Information shown
———
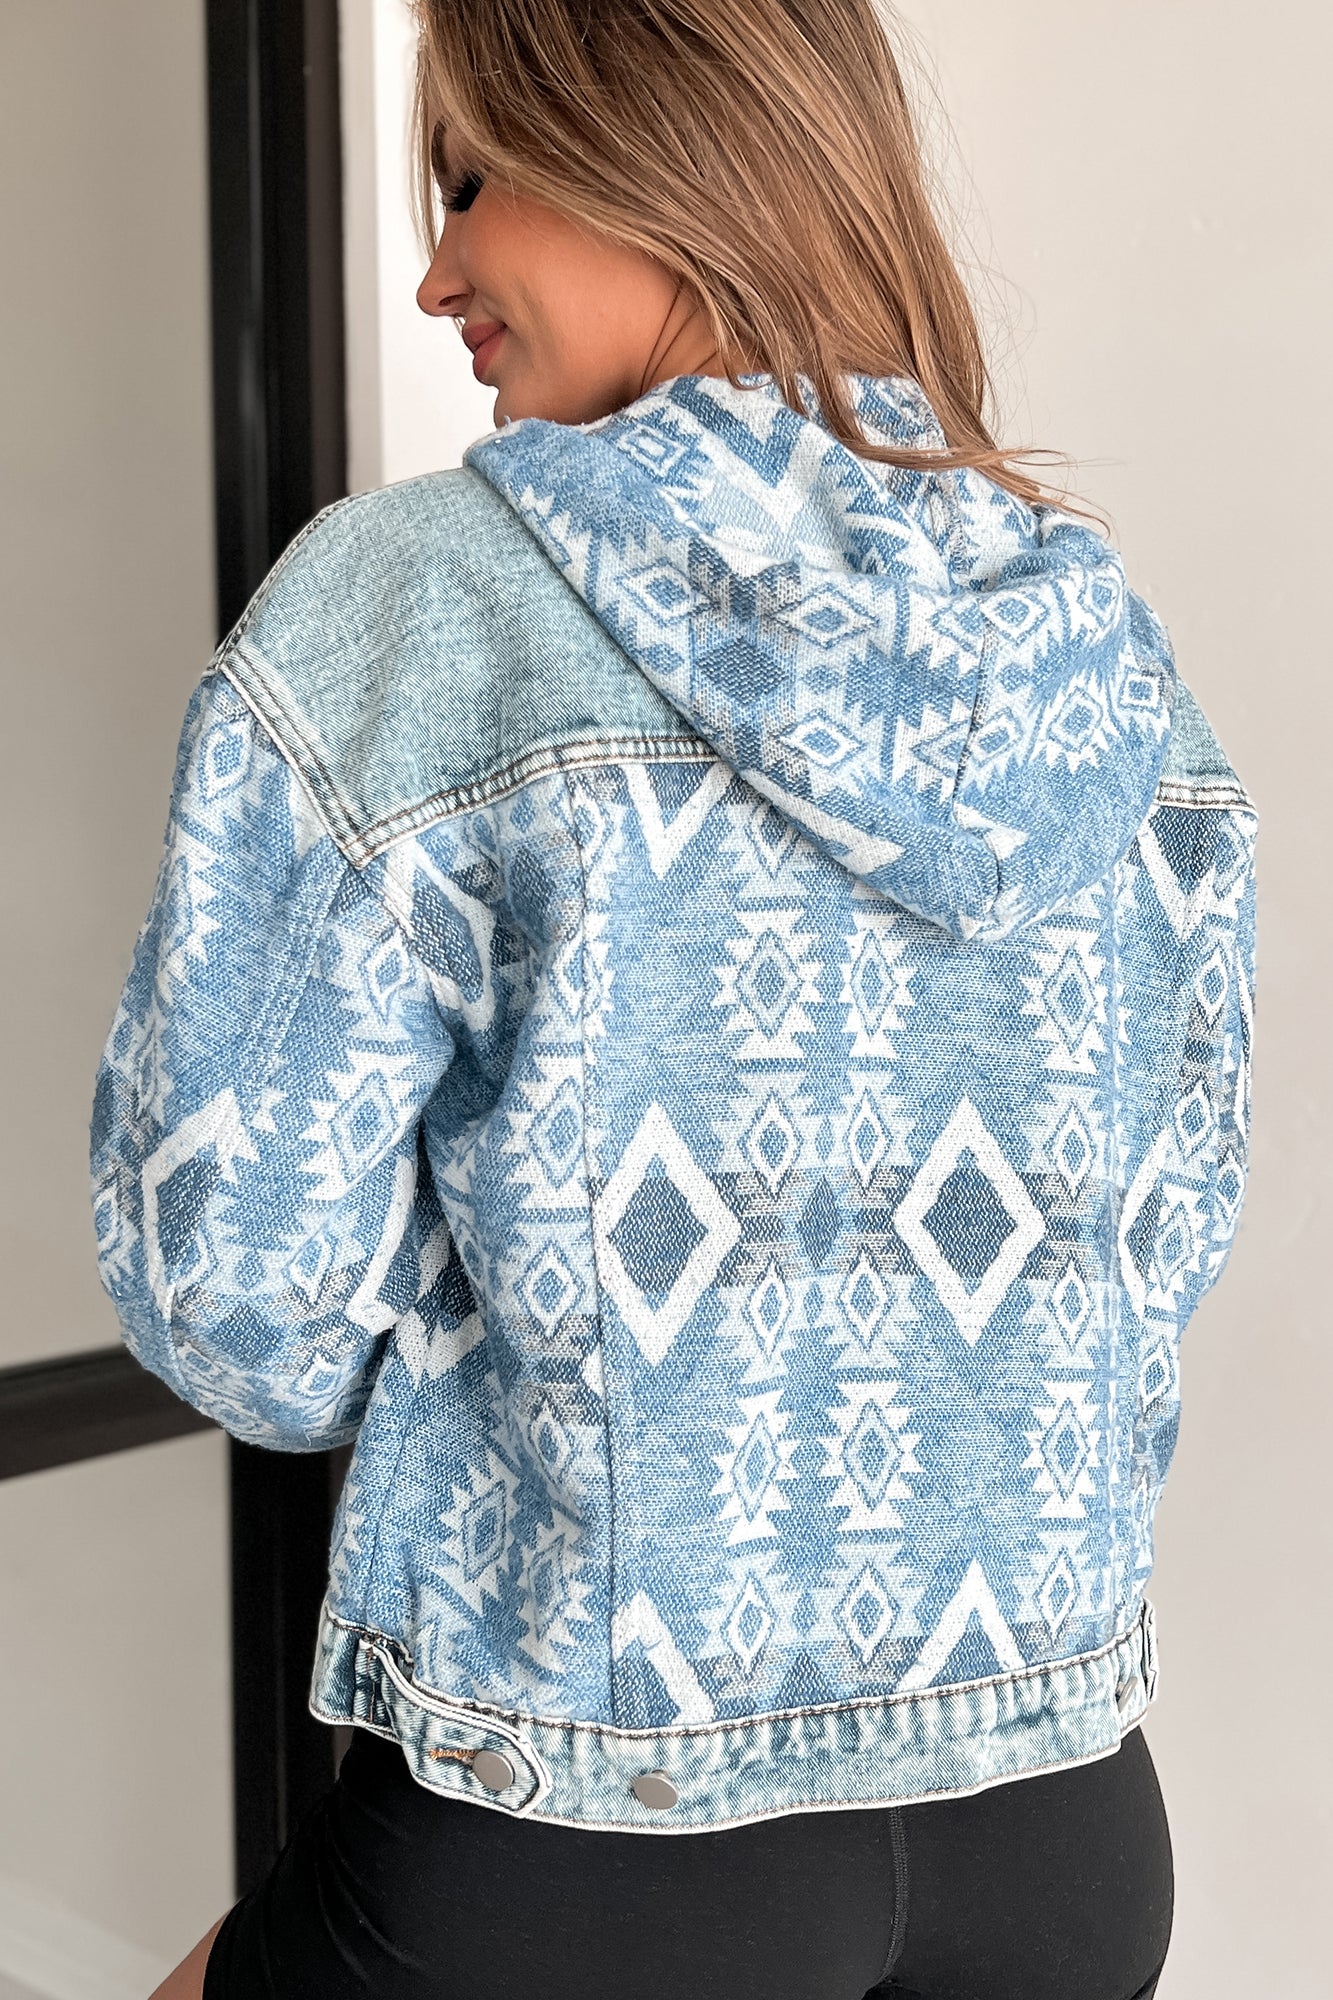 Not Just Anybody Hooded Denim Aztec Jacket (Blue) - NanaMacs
———
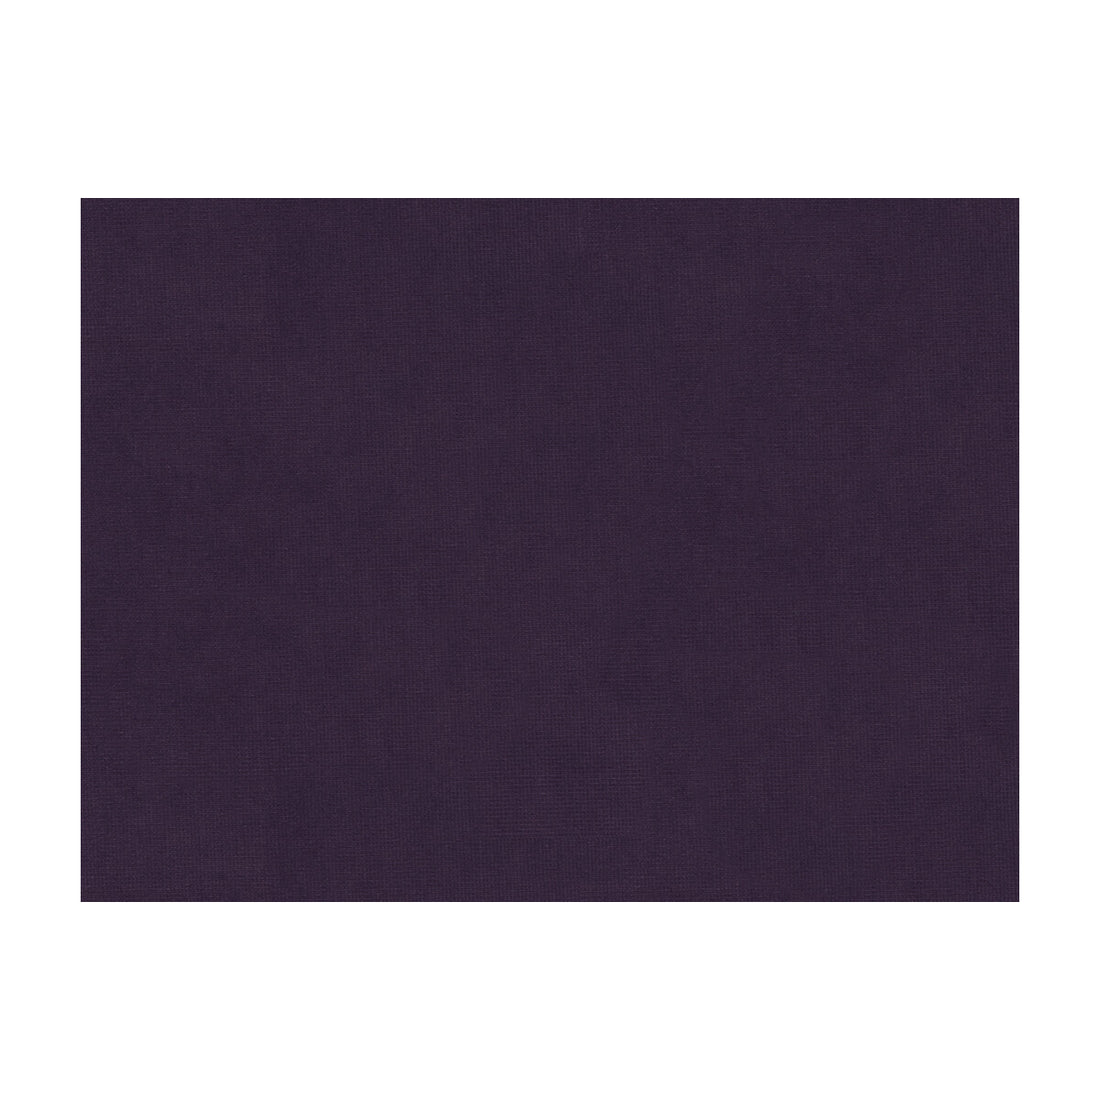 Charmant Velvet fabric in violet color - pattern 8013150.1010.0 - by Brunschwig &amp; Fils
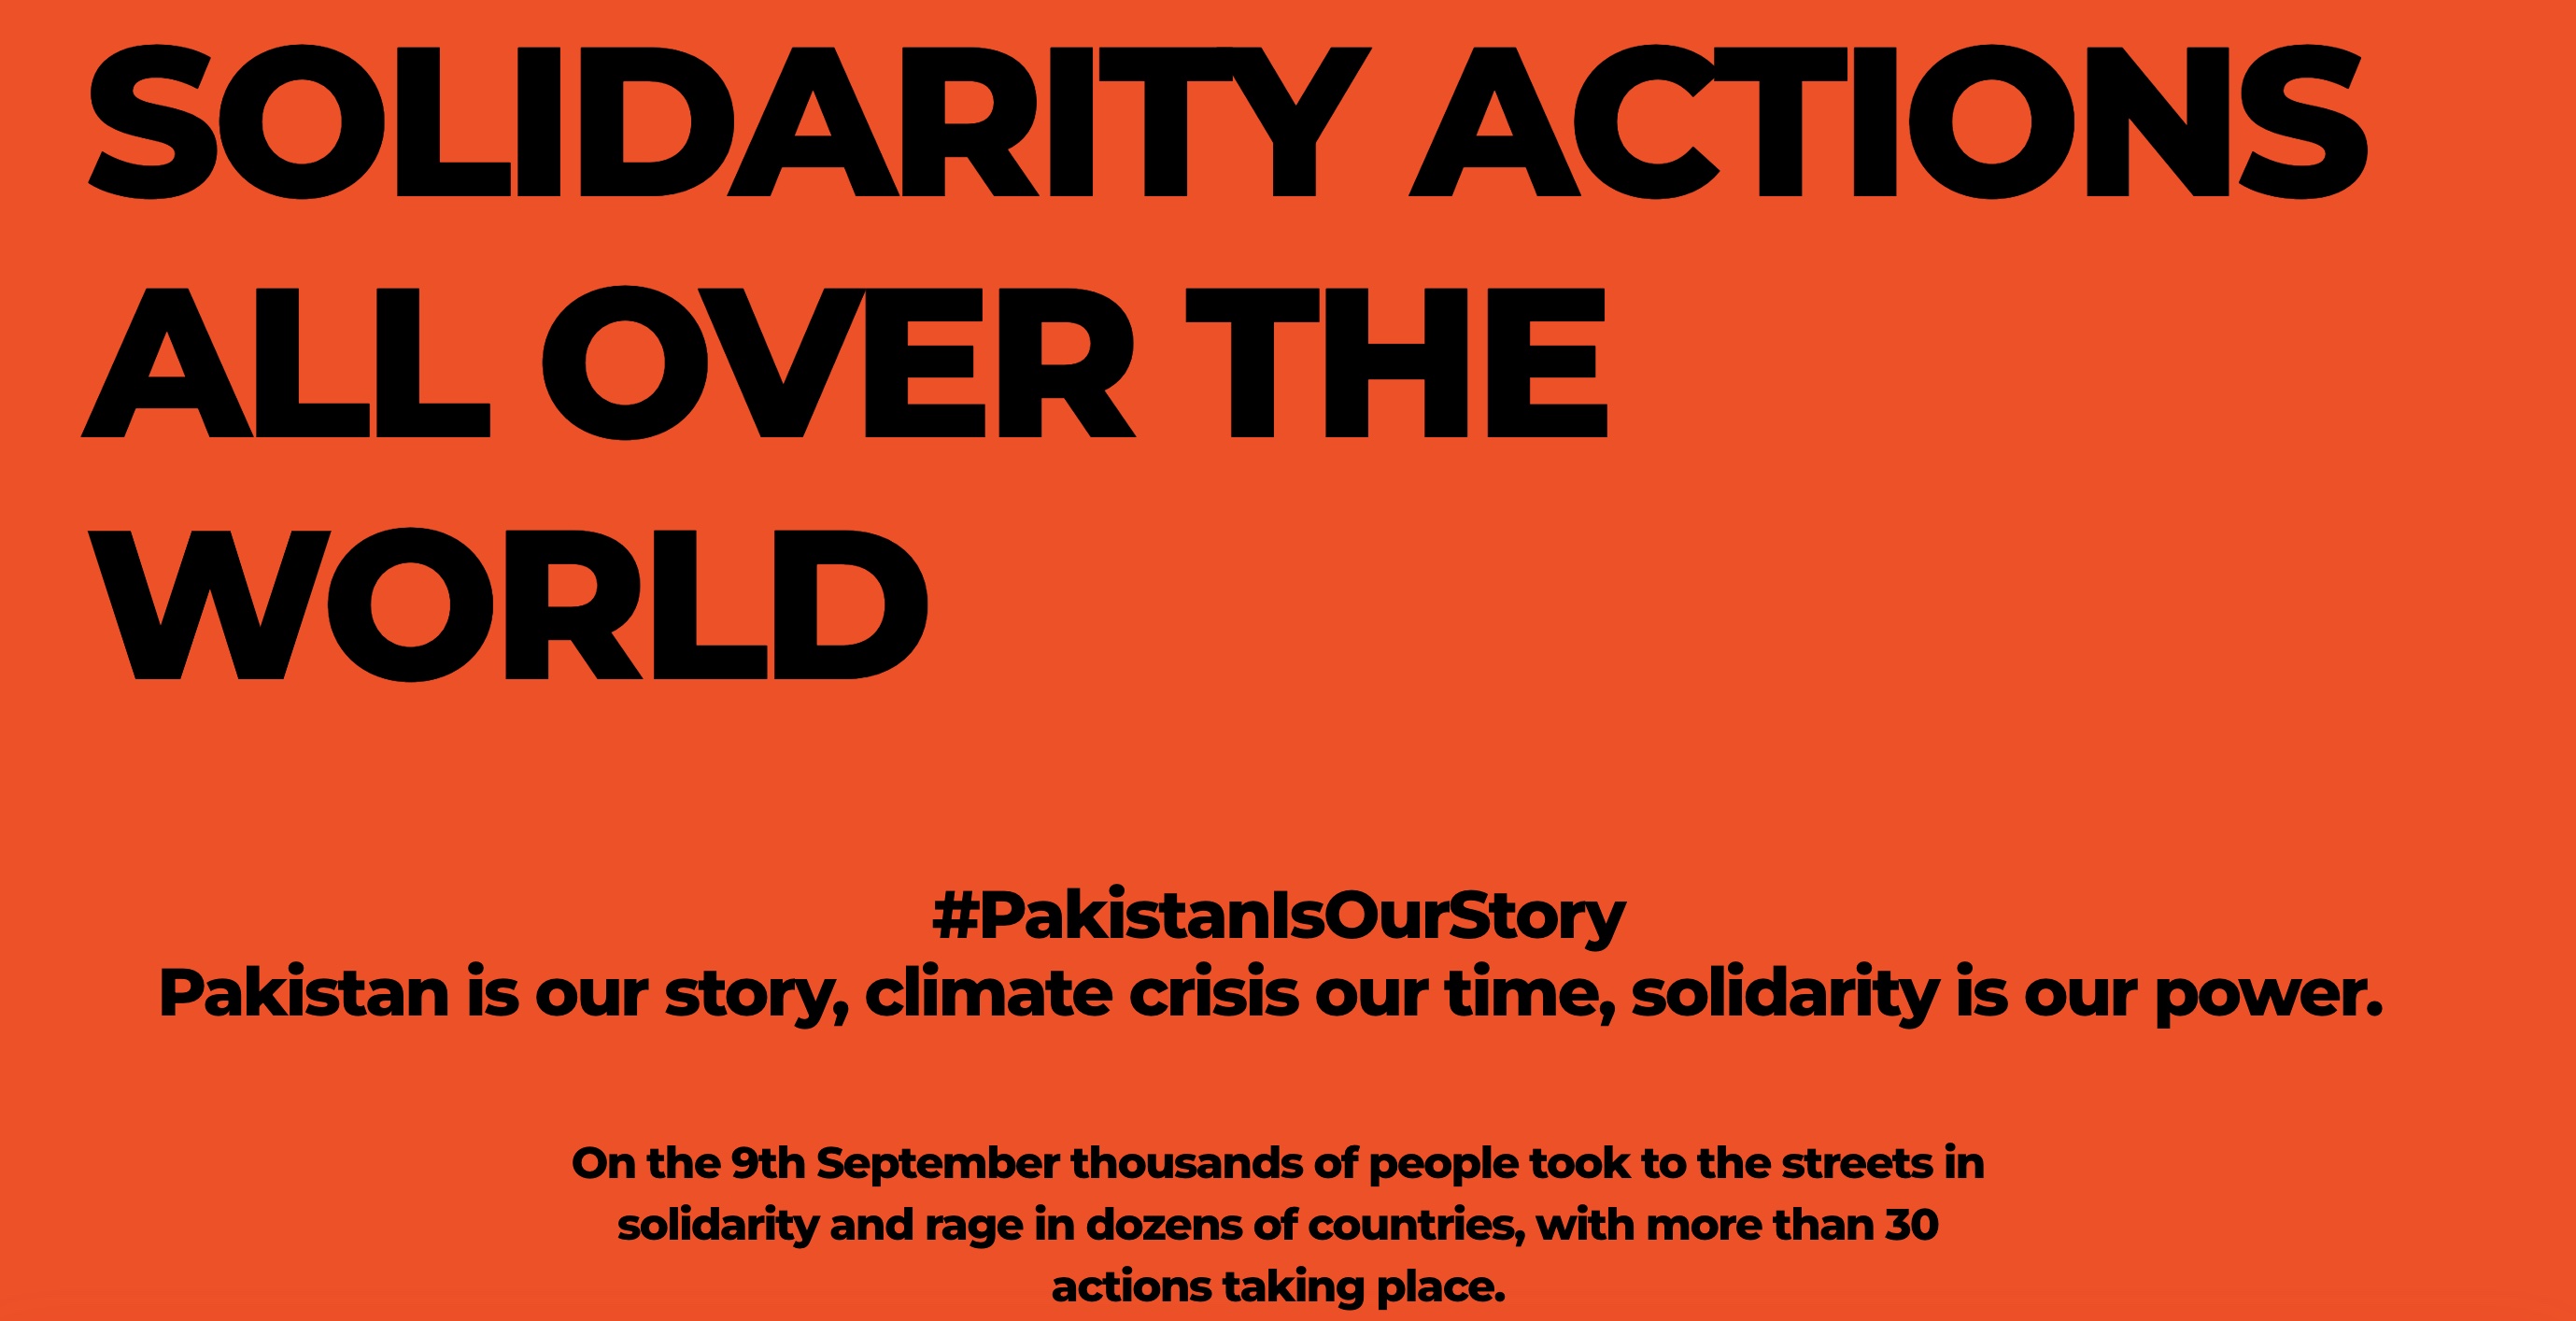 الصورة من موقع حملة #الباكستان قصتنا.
———
About this task
Start at the line above containing "Charmant Velvet fabric" and stop at the line containing "الصورة من موقع حملة #الباكستان قصتنا.": print those lines and everything between them exactly, but not the pictures.

Task result
 Charmant Velvet fabric in violet color - pattern 8013150.1010.0 - by Brunschwig &amp; Fils
 الصورة من موقع حملة #الباكستان قصتنا.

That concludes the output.